_Stored data:_
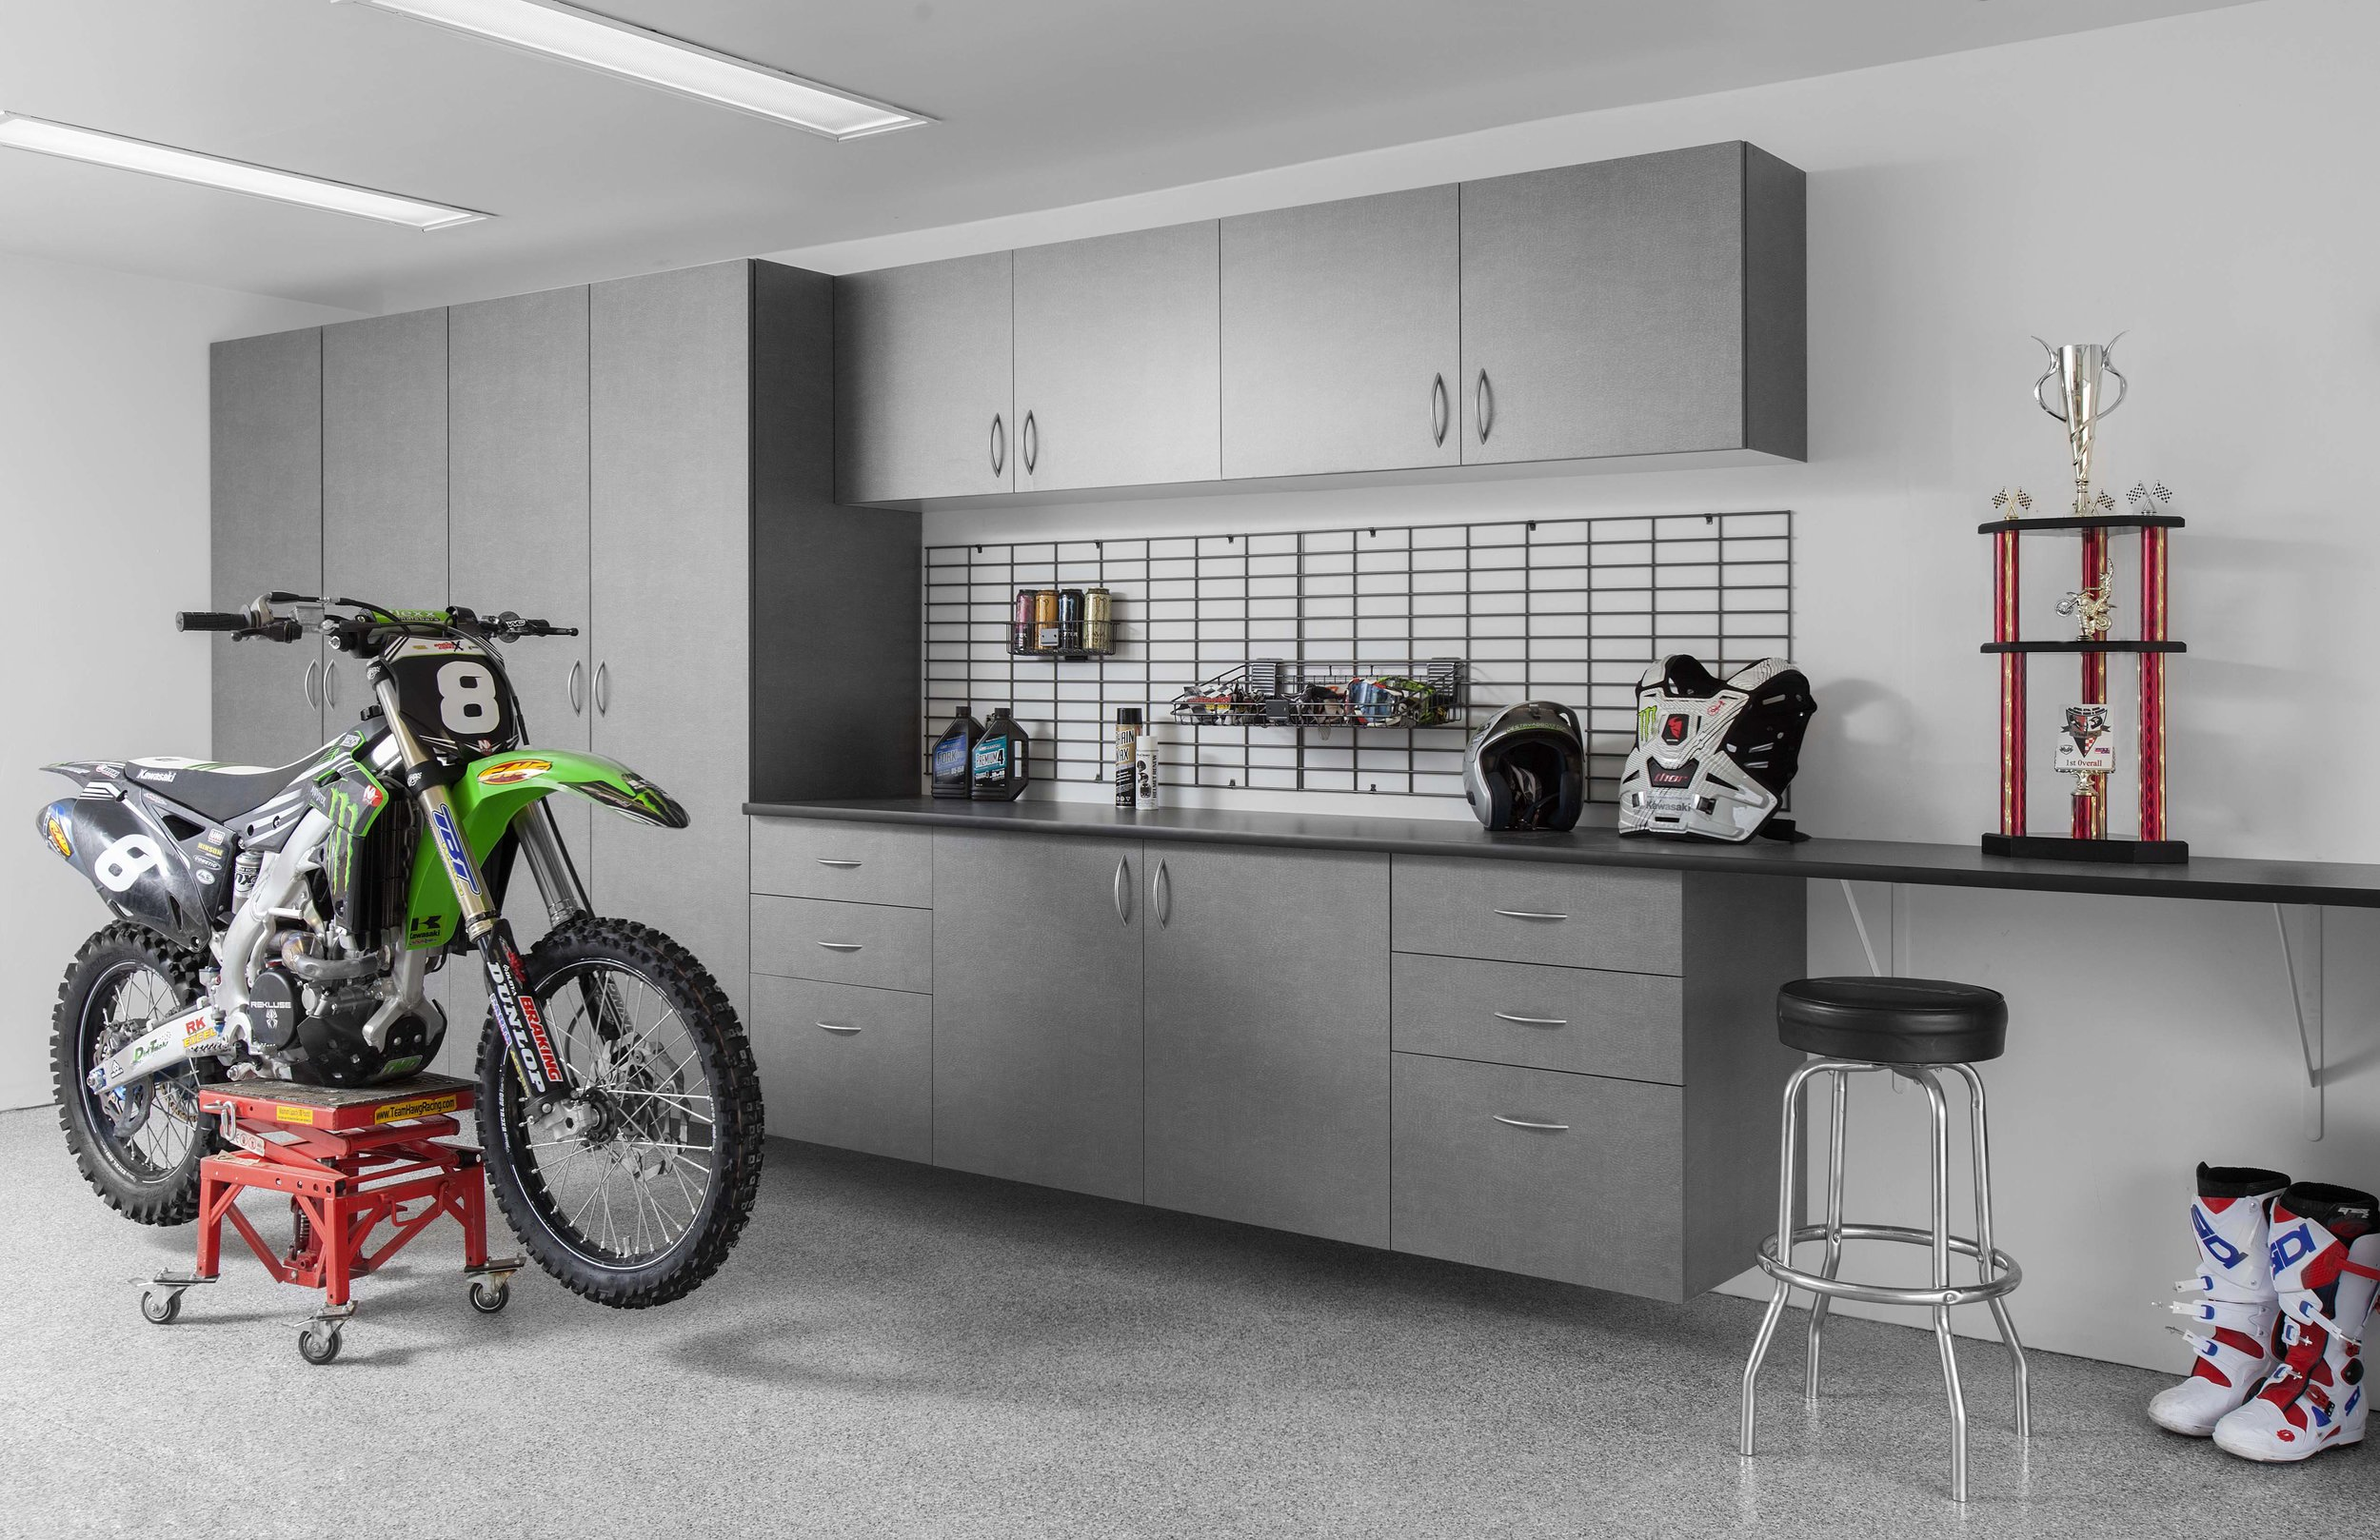 Pewter Cabinets-Ebony Star Workbench-Silverado Floor-Dirt Bike-Abbott-May 2013.jpg
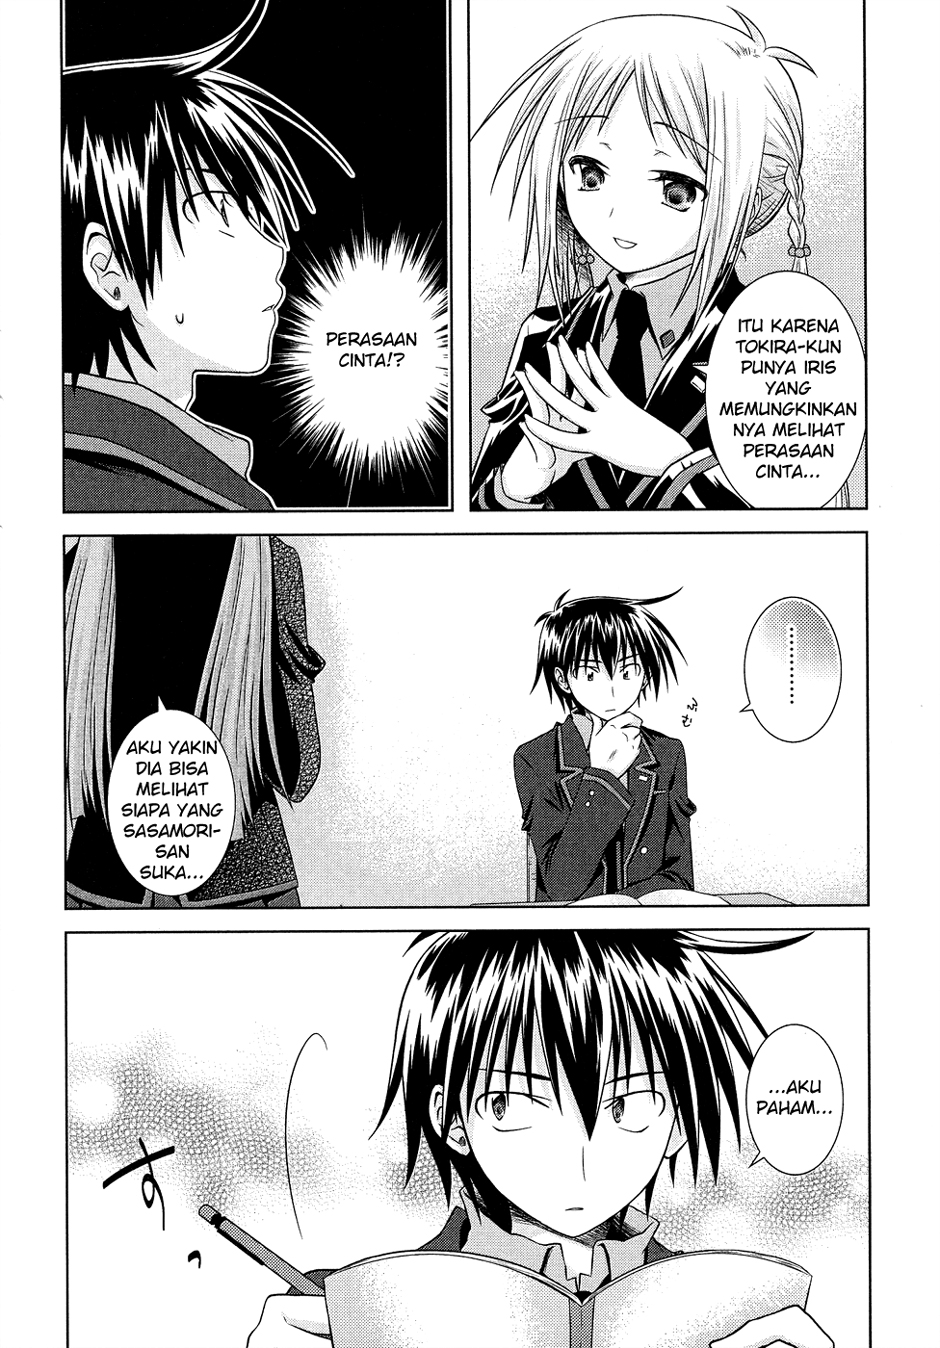 Komik iris zero 011 12 Indonesia iris zero 011 Terbaru 9 Baca Manga Komik Indonesia 
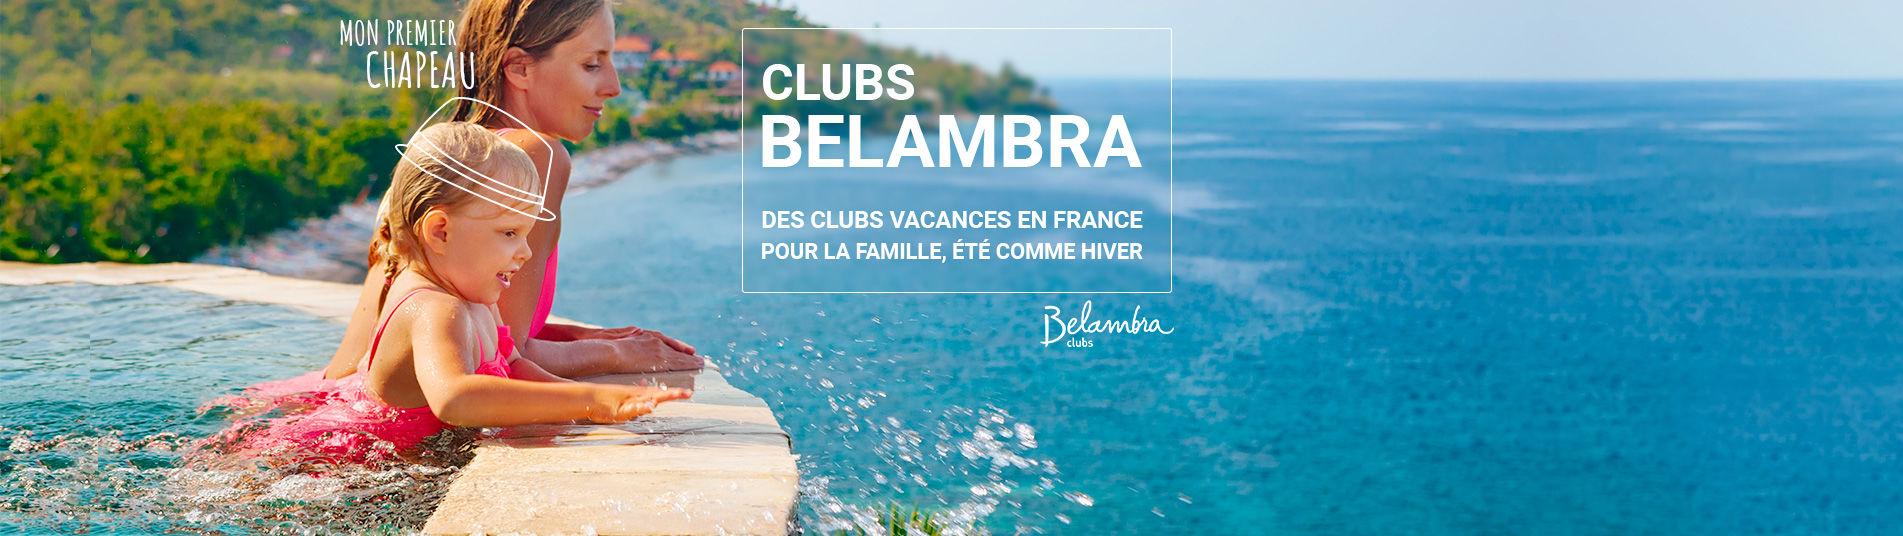 Vacances en Club avec Belambra
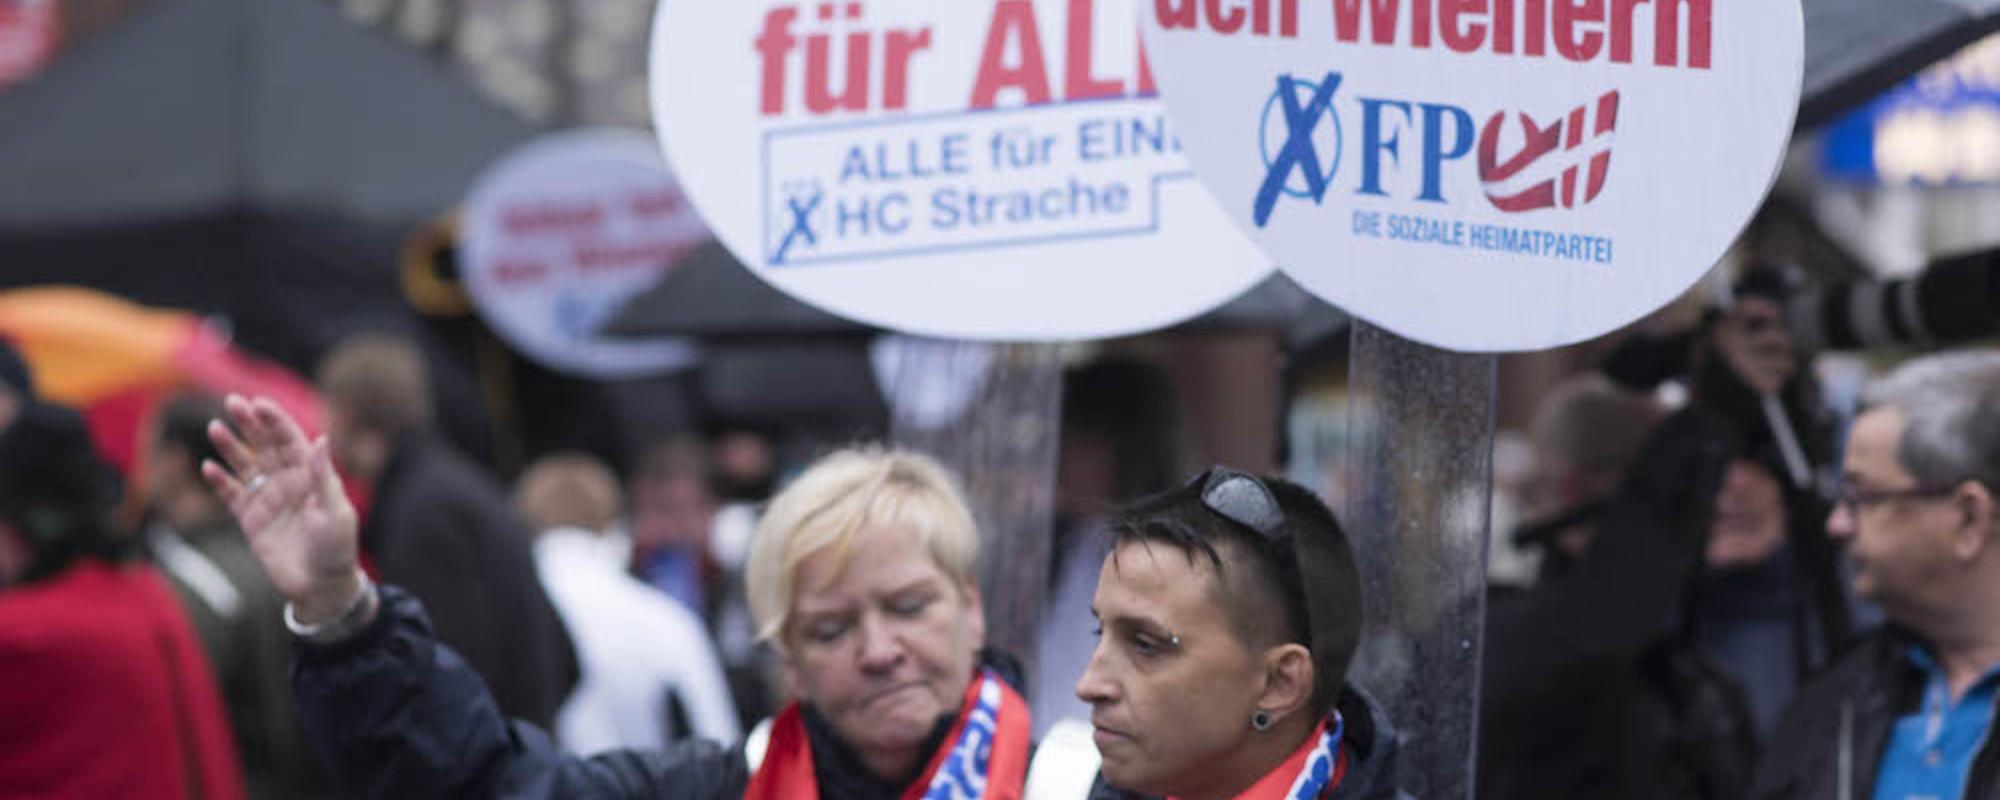 Fotos vom Wahlkampffinale der FPÖ

_Task requirements:_ When a line carries an image, skip the image and repeat everything else above exactly as written.

_Written answer:_
 Pewter Cabinets-Ebony Star Workbench-Silverado Floor-Dirt Bike-Abbott-May 2013.jpg
 Komik iris zero 011 12 Indonesia iris zero 011 Terbaru 9 Baca Manga Komik Indonesia 
 Vacances en Club avec Belambra
 Fotos vom Wahlkampffinale der FPÖ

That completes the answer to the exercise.